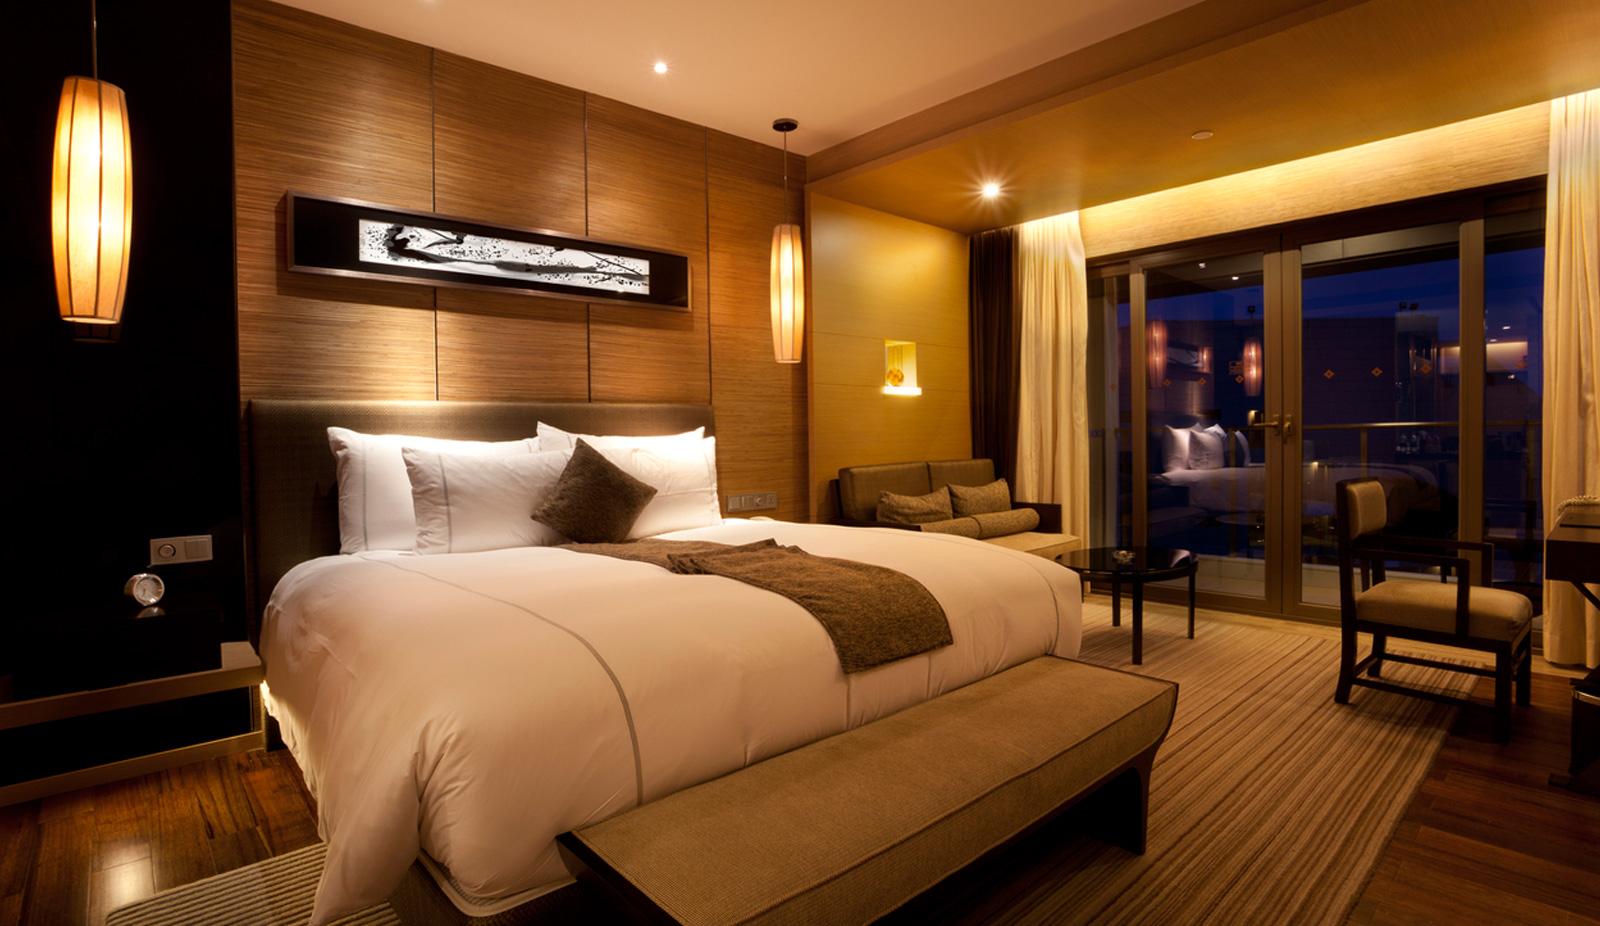 Luxury nighttime bedroom
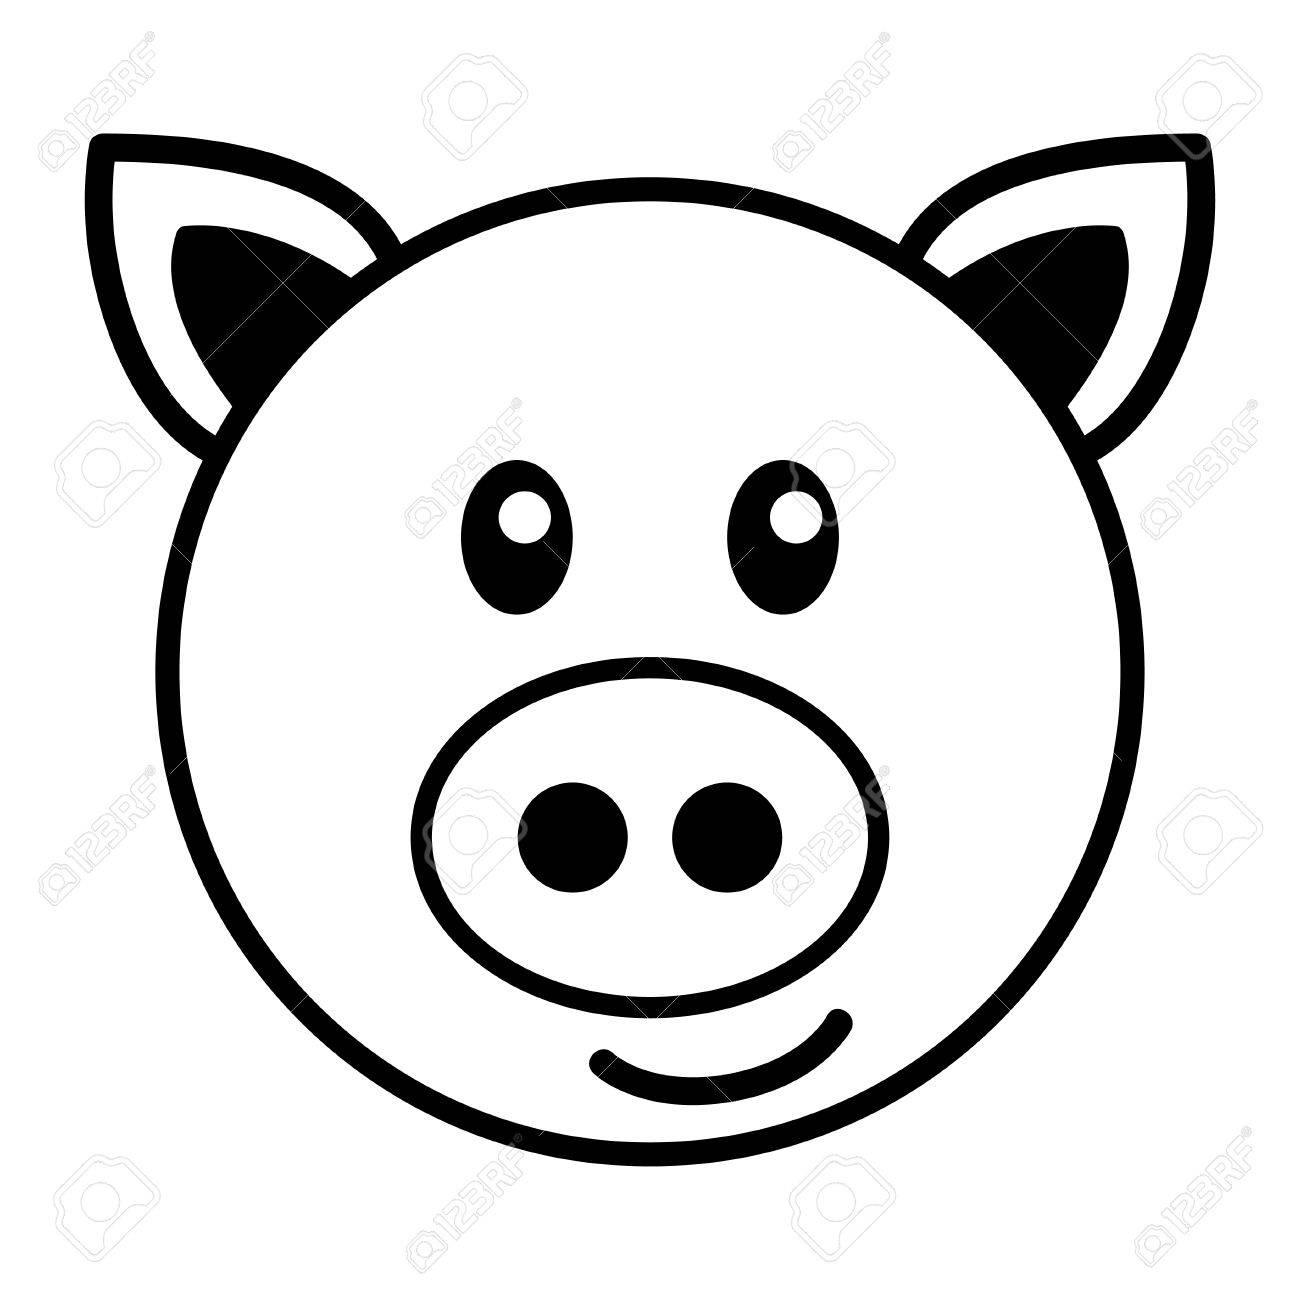 Pig Drawing Images At Getdrawings
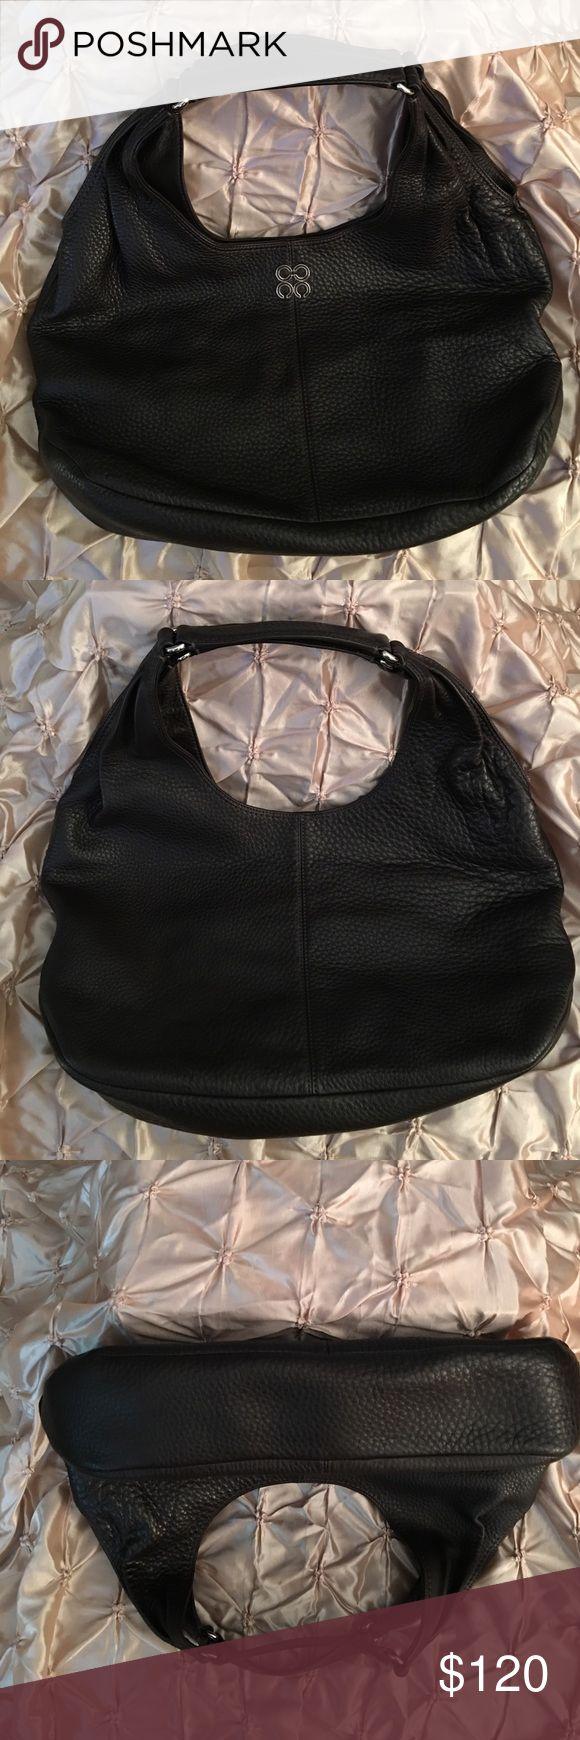 Coach Julia Brown Pebbled Leather Hobo Handbag Coach Julia Brown Pebbled Leather Hobo Handbag Coach Bags Shoulder Bags

_What is expected_: Repeat all of the material above exactly, leaving out pictures.

_Reply to the exercise_:
 Luxury nighttime bedroom
 Pig Drawing Images At Getdrawings
 Coach Julia Brown Pebbled Leather Hobo Handbag Coach Julia Brown Pebbled Leather Hobo Handbag Coach Bags Shoulder Bags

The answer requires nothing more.